(PROVIDED DATA)

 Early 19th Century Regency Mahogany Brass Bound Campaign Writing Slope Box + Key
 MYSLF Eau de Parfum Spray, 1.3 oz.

(End PROVIDED DATA)
(PROVIDED DATA)

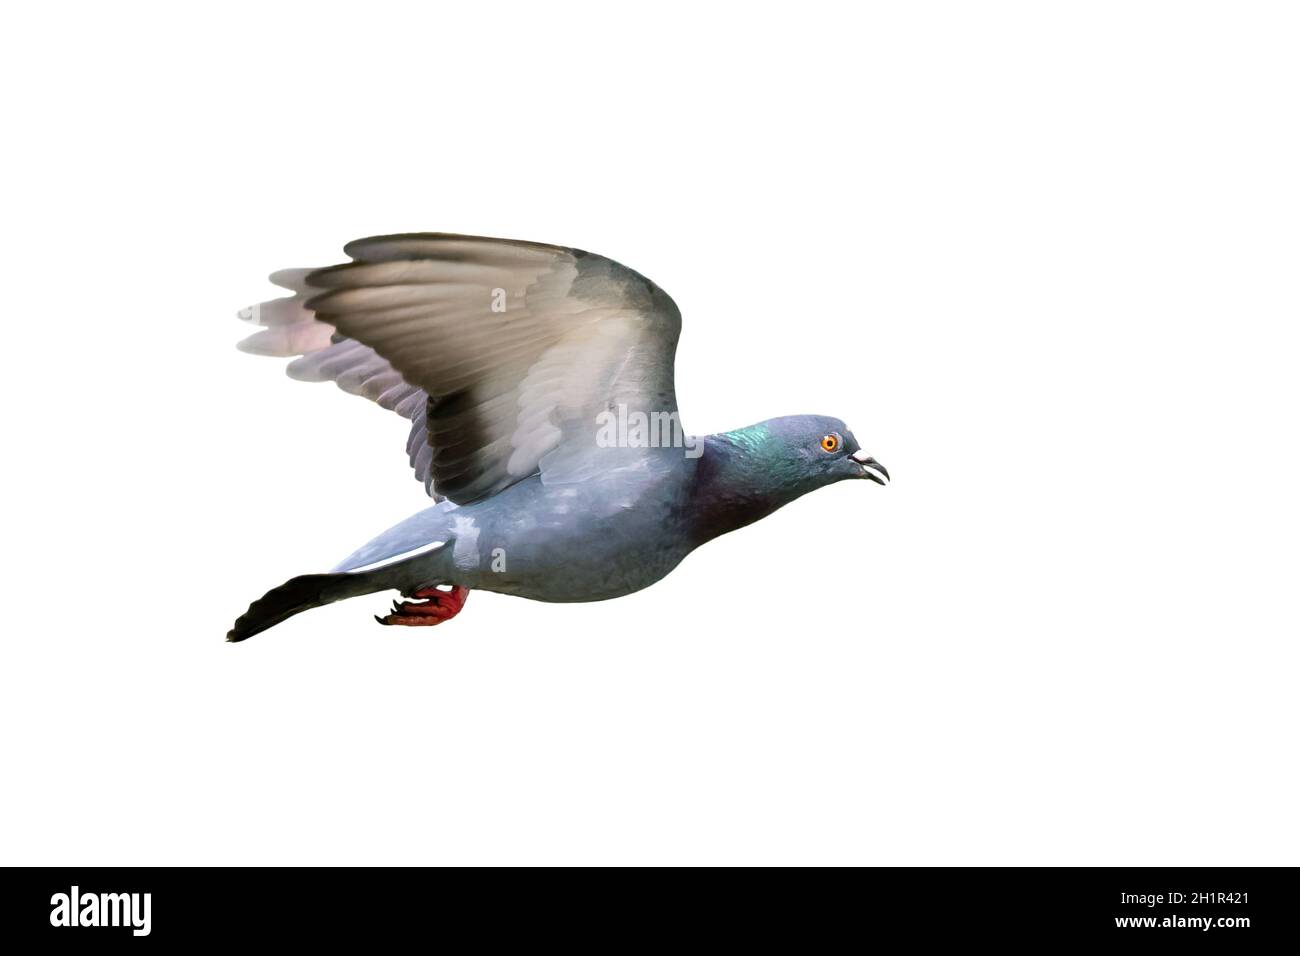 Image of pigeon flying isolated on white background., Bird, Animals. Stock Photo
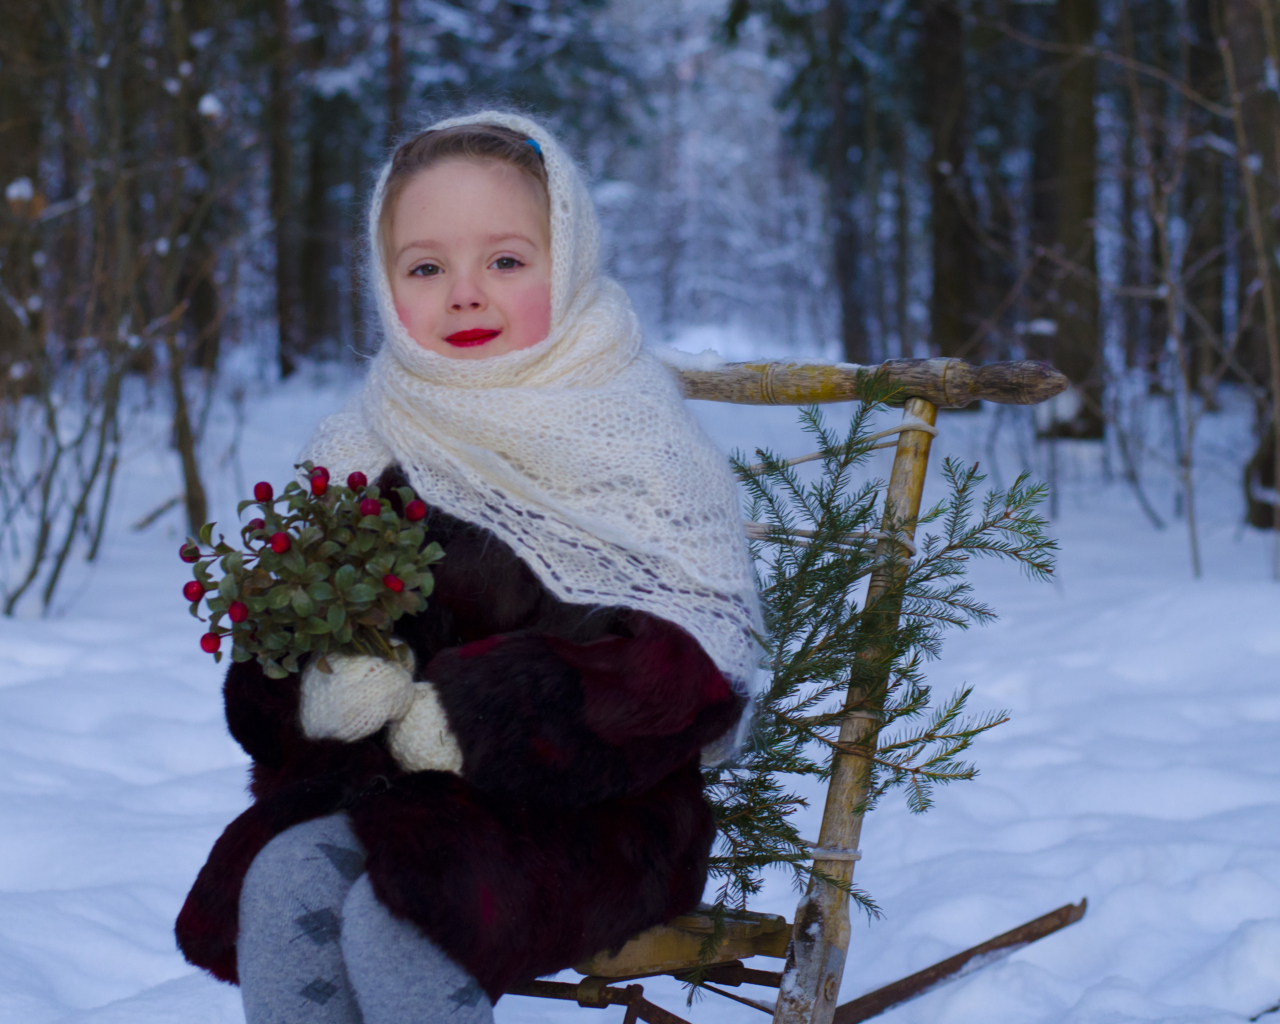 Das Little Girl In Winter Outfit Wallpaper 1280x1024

(End PROVIDED DATA)

PROBLEM DESCRIPTION: Quote word for word only the lines above from the one containing "Image of pigeon" through the one containing "Das Little Girl". Pictures stay out of your copy.

ANSWER TO THE PROBLEM:
 Image of pigeon flying isolated on white background., Bird, Animals. Stock Photo
 Das Little Girl In Winter Outfit Wallpaper 1280x1024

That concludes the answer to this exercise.